I told @oleg to post this issue here. it seems like some nodes stuck on block 408373 (including the node that runs the new middleware)

cc @dimitar.chain

1 Like

There is a bug that just got exposed by chance, upgrading your node to 5.10.1 should work. It is a bit more complicated with the MDW but we will get it running soon.

The bug is accidentally binding an external library to protocol. This library has a function that introduces non-determinism according to its different versions :slight_smile: That means that if a node uses a different library version it will yield a different result, hence transaction checks will fail and valid blocks suddenly become invalid. This poses no risk to user’s tokens, nor the network security, simply a handful of nodes are stuck. Since most of the nodes are running the latest version, they face no issue whatsoever. So upgrading your node to latest version shall be enough to unblock it.

3 Likes

in regards to the middleware I was wondering how to easily build a production ready docker image. I opened a thread Ae-image-builder / node and plugins recently but somehow this didn’t get any attention.

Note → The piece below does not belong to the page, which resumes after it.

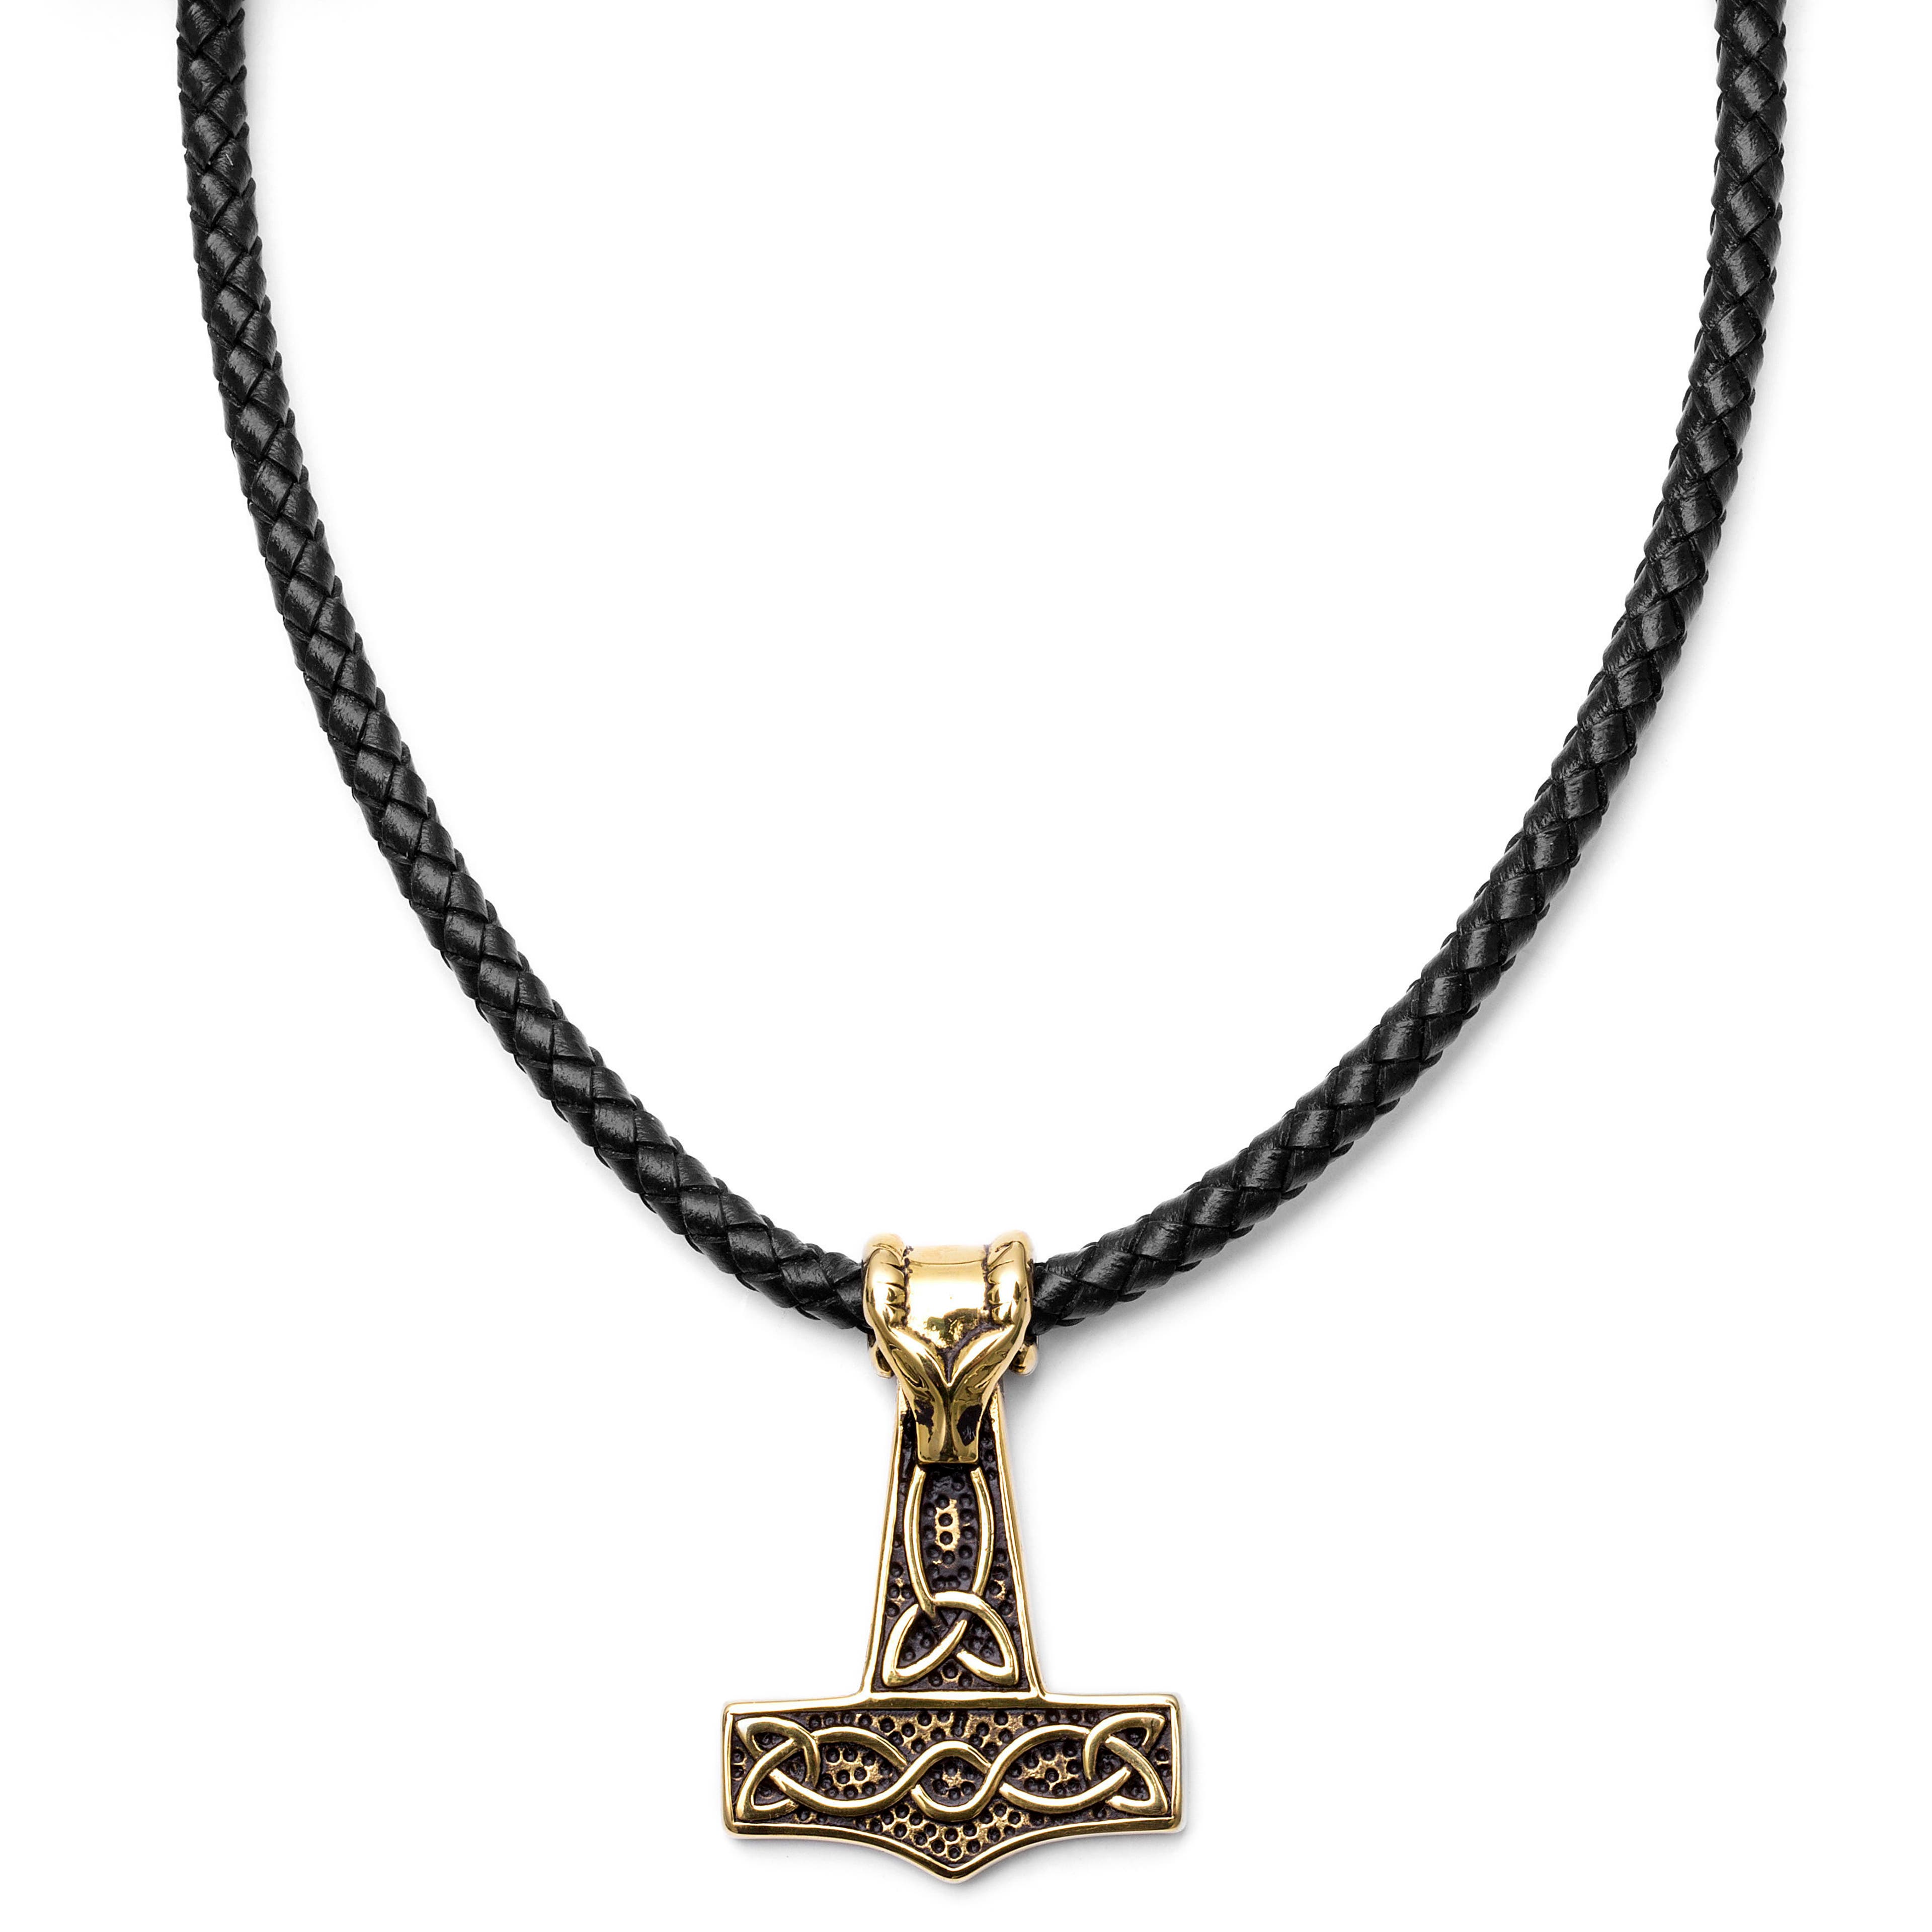 Black Leather With Gold-Tone Thor's Hammer Necklace

however, my image builder is working but I think there is room for improvement.

Thanks for the clarification of the bug nature.
I running Ubuntu “18.04.4 LTS (Bionic Beaver)” and tryed node of the latest version 5.10.1. Prebuilded one and one I builded myself from source. Both cant sync futher than block 408373.

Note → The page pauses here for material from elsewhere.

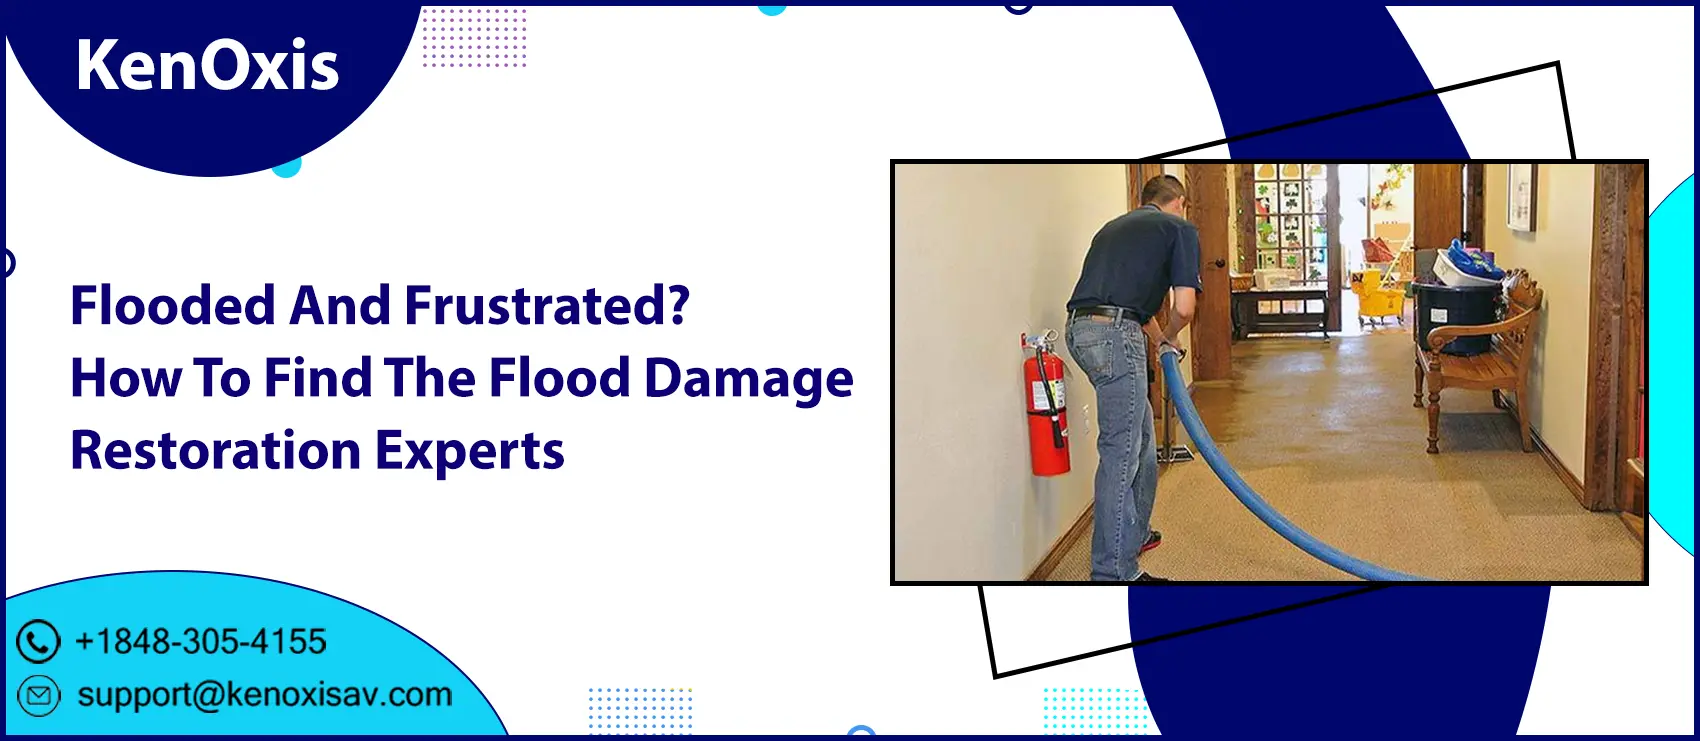 Flooded And Frustrated? How To Find The Flood Damage Restoration Experts

I hope a fresh blockchain db backup archive may help. Looking forward for it.

You can try with the latest docker image:

  1. You stop your node
  2. You start the latest docker image on with port 3015 forwarded and you mount the folder the DB lives under as a docker’s volume. There is an example here
  3. Once your node syncs beyond this poisonous transaction, you can stop the docker and start your 5.10.1 node

This is how we unstuck the MDW’s node. Since it depends on the node’s software, it had to be upgraded to 5.10.1 as well :slight_smile: Note that this workaround above could work or it could not not work, it really depends on your hardware.

Early next week we will provide a proper fix and a new DB snapshot

4 Likes

Thanks. Approach with docker worked well.

5 Likes

When will the fixed version be released?

Some users still report the issue.

1 Like

We expect tomorrow but this is only if everything goes by plan.

4 Likes

Having a proper fix still takes time and once it is done, we will do a full sync to make sure we don’t break backwards compatibility. This would require some more time, sadly. The release will not happen today. For whoever is still having a stuck node, they could use the latest DB snapshot. It dates from 5th April and it is after the stuck node height.

2 Likes

Do you know which library was causing the problem? I was updating my node and started syncing from scratch until I reached this block but will try syncing with the docker instance in order to fetch the db and start from there.

2 Likes

Yes, we are well aware which is the library that causes this, a fix is being tested still. You don’t need the docker image for the full sync, only for the generation with height 408373: so you can sync your node up to the stuck point, stop your node and start the docker image for a while, till it syncs beyond that generation (it should be fast). Then you can stop the docker image and resume the sync with your node again :slight_smile:

1 Like

My Docker cannot start any version after 5.8.0. Is there any environment variable that needs to be added after that?
I was able to start it normally before 5.8.0. The only difference is:
ERTS_LIB_DIR --> SYSTEM_LIB_DIR

Here is the Docker startup log:

/home/aeternity/node
Root: /home/aeternity/node
Exec: /home/aeternity/node/erts-10.7.2.3/bin/erlexec -boot /home/aeternity/node/releases/5.11.0/aeternity -mode embedded -boot_var SYSTEM_LIB_DIR /home/aeternity/node/lib -config /home/aeternity/node/releases/5.11.0/sys.config -args_file /home/aeternity/node/releases/5.11.0/vm.args – console -noinput

So last night we’ve released 5.11.0 that should unlock any stuck nodes, you can get it from here:

I see @LiuShao.chain is facing a different issue: I summon @dincho.chain to help.

3 Likes

Could you please check if your processor supports AVX2 instructions ?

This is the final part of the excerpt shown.